Nonsense. A police officer has no more right than Joe Blow on the street to lay hands on someone, except insofar as the citizenry delegates police authority to that officer. When the police department says “X is not allowed”, then X is not included within the scope of that delegation. Thus, a police officer who does X is no different than a some guy jumping out of an alley and doing X. In this case, X (a choke hold) is a clear criminal assault when done by the guy jumping out of the alley, and thus is the same thing done by the cop. Q.E.D.

Yes, that was the point I was making though.

The “moment of the (purported) arrest” being, for the purposes of discussion (and assuming, purely for the purposes of discussion, that the cops had never told him he was under arrest and why) the moment at which the cops physically laid hands on him to restrain him.

He never offered any resistance until that moment. There was, as you say, nothing to prevent the police from informing him of the reasons for, and the fact of, his arrest prior to that moment; and that being the case, the procedure of informing him was mandatory, to affect a legal arrest.

Who are you supposed to be directing this Ivory Tower BS to? The people who have to put up with the barrage day end and day out? People who don’t, as a rule, have any power or clout, and are often ignored when they do complain about it? It’s laughable that you even use the phrase “appropriate one”. What makes you or anyone else the arbiter of appropriateness?

I really don’t get this attitude. The people of Ferguson protested because they have good reason to believe the police unfairly killed one of their own…AGAIN. Unlike many of you, the protestors don’t believe one word from the cop who killed Brown. Consider the possibility, if you can, that they have good reason to disbelieve the cop. Enough is enough for them, and so they chose to protest this time rather than lie down and take another round of lies without fighting back.

Maybe outsiders like you don’t think Brown wasn’t clear-cut enough to warrant a protest. But unless you’re more experienced than they are with the brand of police brutality that they’ve been living with, why should your opinion matter more than theirs?

We live in authoritarian state? Cite?

That authoritarian state is a creation of “the left.” Cite?

Cheating the state out of money is a “high crime” for which this man’s death is a fitting punishment as perceived by “the left.” Cite?

Again, you dropped a nice turd into this thread that was not on topic and nothing more than unsubstantiated, disingenuous rhetoric.

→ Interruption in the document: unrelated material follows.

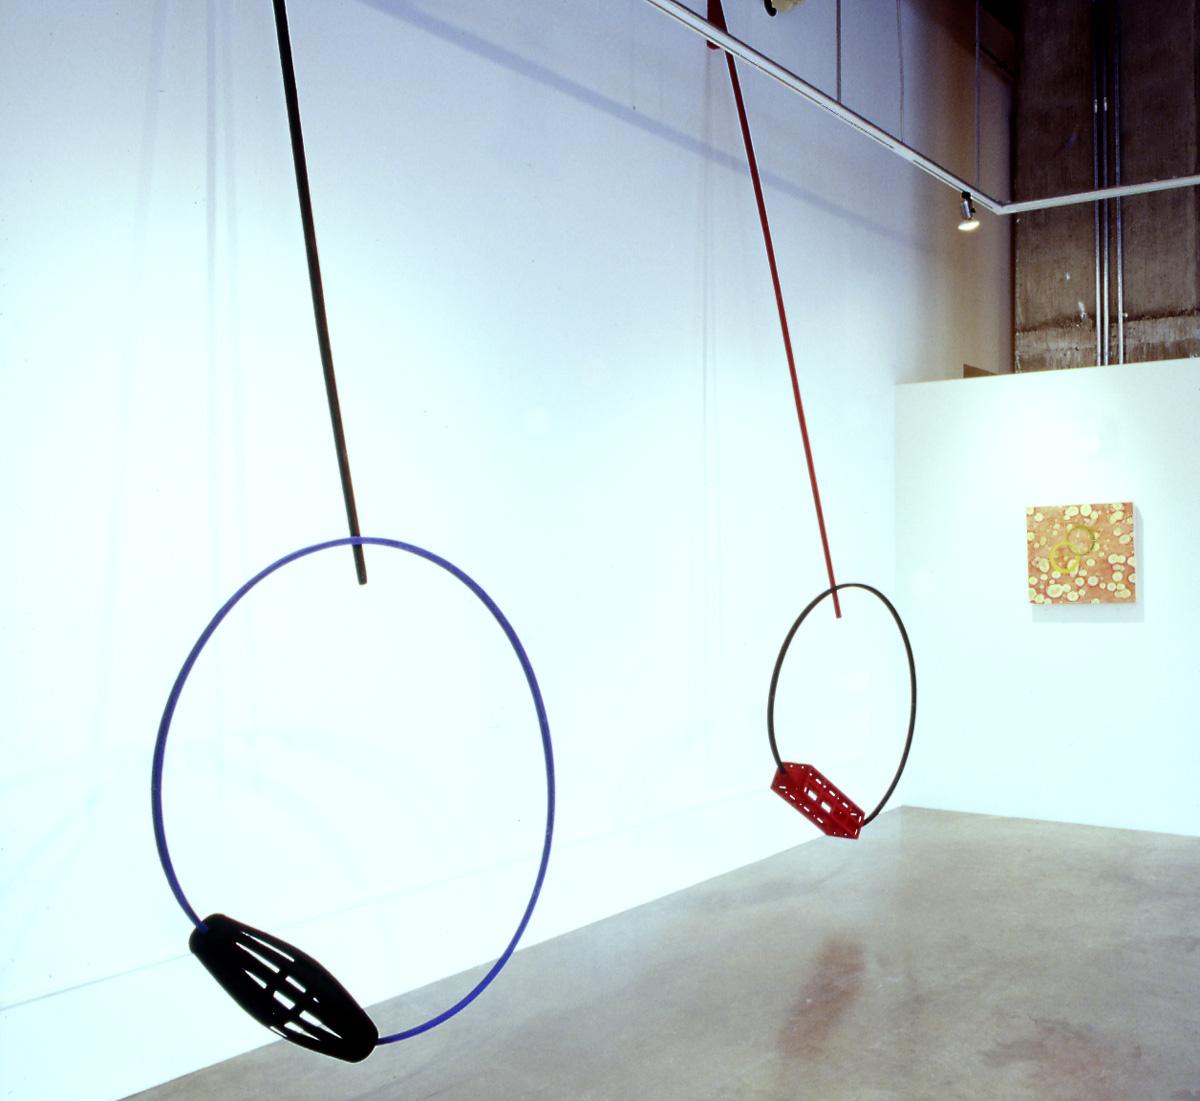 sculpture-portals-installation-tom-gormally-artist.jpg
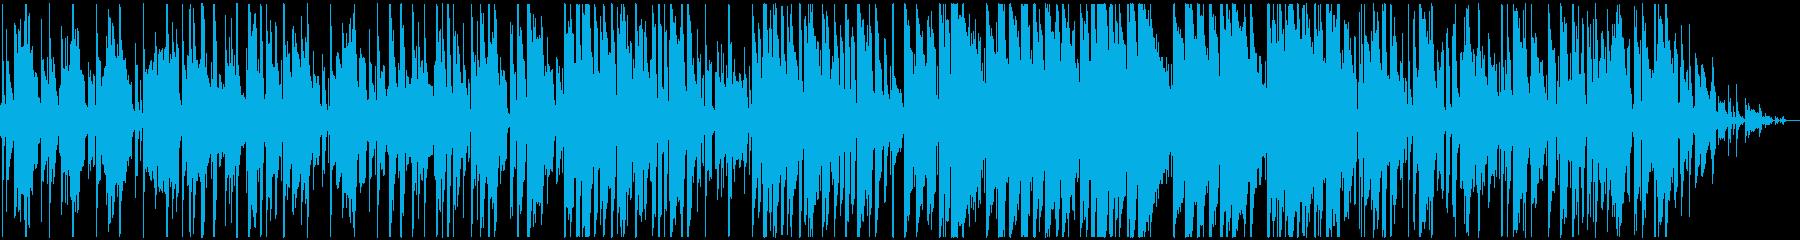 ゆったりかわいいレゲエ調ギターインストの再生済みの波形

Unless you have superhuman hearing and are able to make out every single word uttered by the officers in the video (which for some strange reason that I’m sure is a coincidence is muffled and muted in comparison to Garner’s voice, and which is also missing a large chunk of the pre-chokehold events) then I don’t think you can say that he wasn’t verbally informed he was under arrest.

“Must… defend… police… defending… police… means… agreeing… with… a… (shudder) union… Norman, co-ordinate!..”

With Trayvon and Ferguson, I think the courts made the right call, but with this one, I find it highly questionable that it didn’t go to indictment.

There is absolutely no law prohibiting a police officer in the state of New York, nor the city of New York, from using a chokehold to subdue a subject resisting arrest. As cited above,

The rule against chokeholds is an administrative policy of the New York Police Department. Violating an administrative policy does not constitute “criminal assault”, and the grand jury would appear to agree.

Correct.

Incorrect.

Incorrect, since one of your premises was incorrect.

Because I am. I appointed myself. Just like you appointed yourself to make the opposite point.

That’s what we do in a forum entitled “great debates”. What a shock! :eek:

I am not discussing the reactions of the good folks of Ferguson. I am talking about the reactions of the rest of us - what made this case a national, indeed international, issue, raising concerns about such things as race and appropriate policing generally.

Local stuff is for locals. This reaction to this case has gone beyond the local - or do you deny it?

For this purpose, one of the other two cases would have been better as a cause célèbre.

I am, however, glad to see your reactions - if my arguments are attacked irrationally from the left as well as the right in the very same thread, I must be doing something right. :smiley:

Well, now that you have stipulated that a cop has no special privilege to use a chokehold that is not equally available to John Q. Nobody, there’s nothing more to discuss – you’ve conceded the entire argument.

Hence in the part you yourself quoted I say as follows:

Correct, but incomplete.

You’re right to point out that the police cannot, by administrative fiat, create a crime by regulation.

But it’s certainly possible – not QED, as Steve MB tried, but simply possible – that an officer violating an administrative regulation is acting with unreasonable force, and thus transforms his privileged use of force into an assault.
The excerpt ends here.